Сжав челюсти, Стэфан резко оборачивается, кидая острым, как кинжал, взглядом в отца. Своего отца…
– Каждая ее слеза, – цедит вкрадчиво, сощурив глаза, – на твоей совести, Зимин.
Отец резко хватает пиджак. Тяжёлая нижняя челюсть упрямо выдвинута вперед.
Боже, сколько раз именно этот мимический жест я видела у Стэфана? Как же я раньше ничего не замечала?!
– Никогда тебя не признаю, лучше сдохну, – отец бьет словами, как плетью. Выдавая сильное внутреннее волнение, мускул на его гладковыбритой щеке заметно подергивается. – Ты не мой сын!

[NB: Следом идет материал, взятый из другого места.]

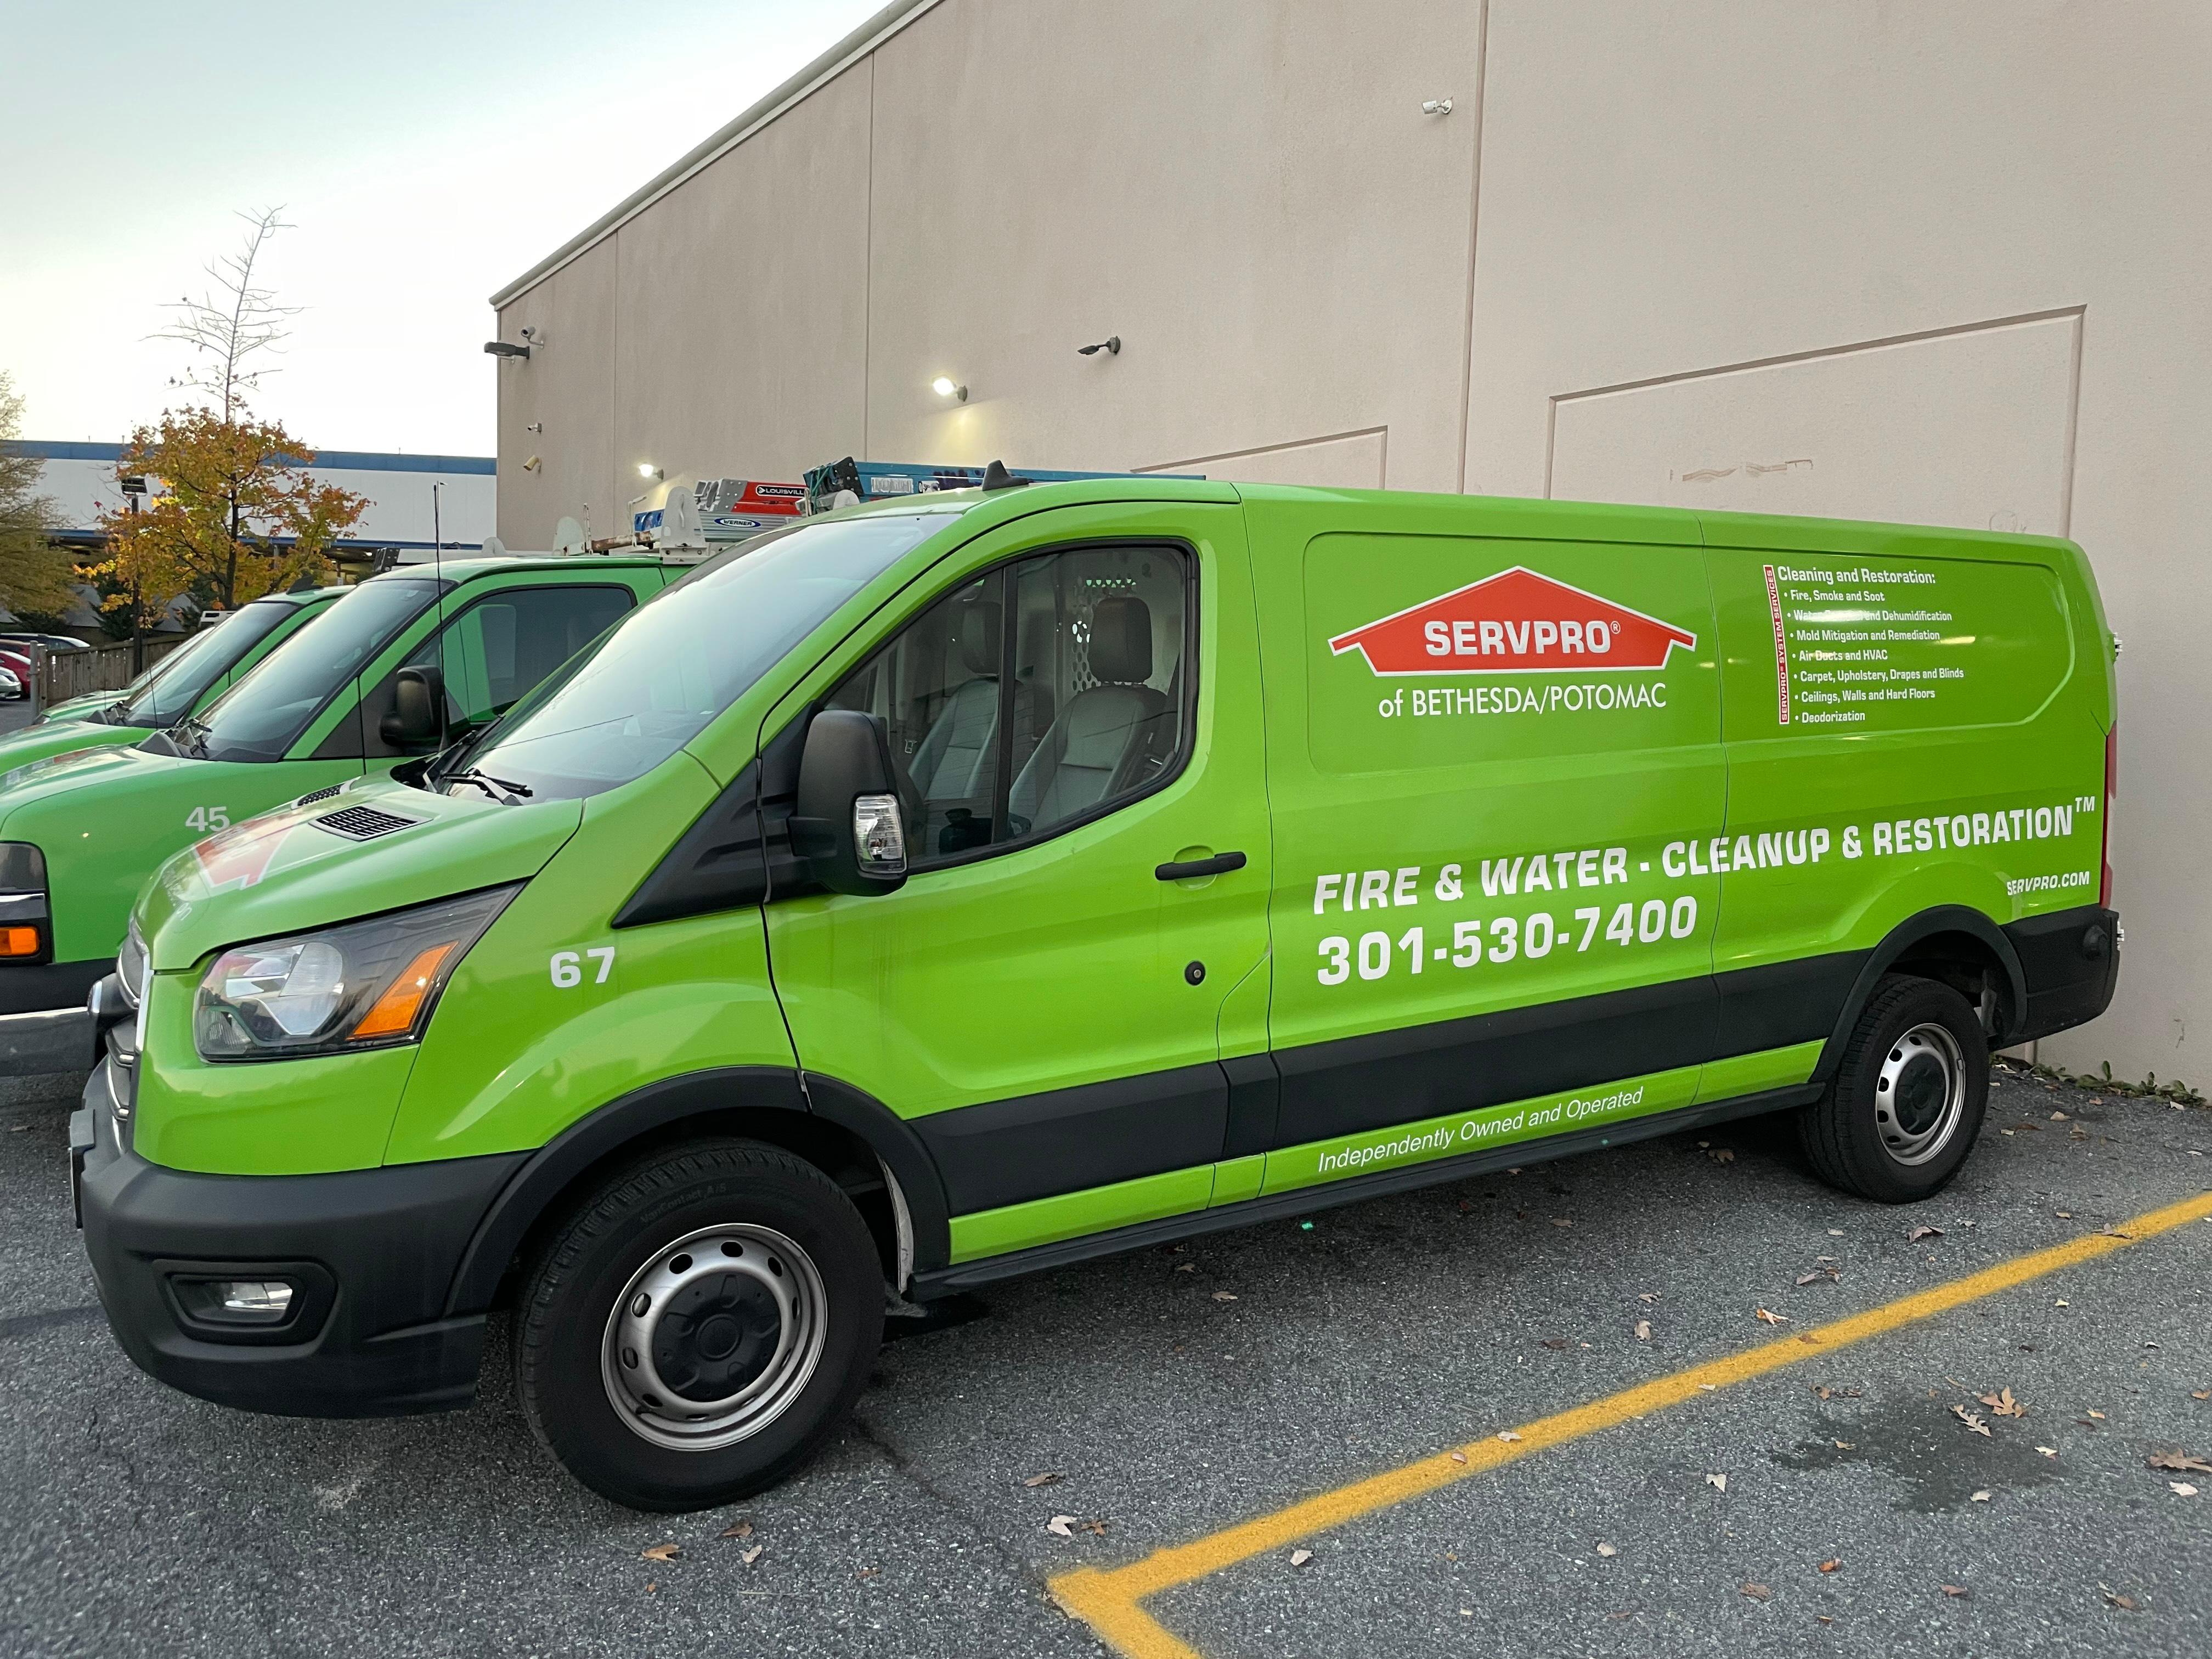 A SERVPROÂ® emergency response vehicle parked outside of the storefront.

Не мой! – скалится, обнажая резцы. – Убирайся из моей жизни!
От такой жестокой несправедливости у меня перехватывает дыхание. Стэфан же, в отличие от моего, совершенно беспристрастен, когда абсолютно спокойным голосом произносит:
– Если ты забыл, ты находишься в моём доме, – небрежный жест в сторону коридора. – Дверь там.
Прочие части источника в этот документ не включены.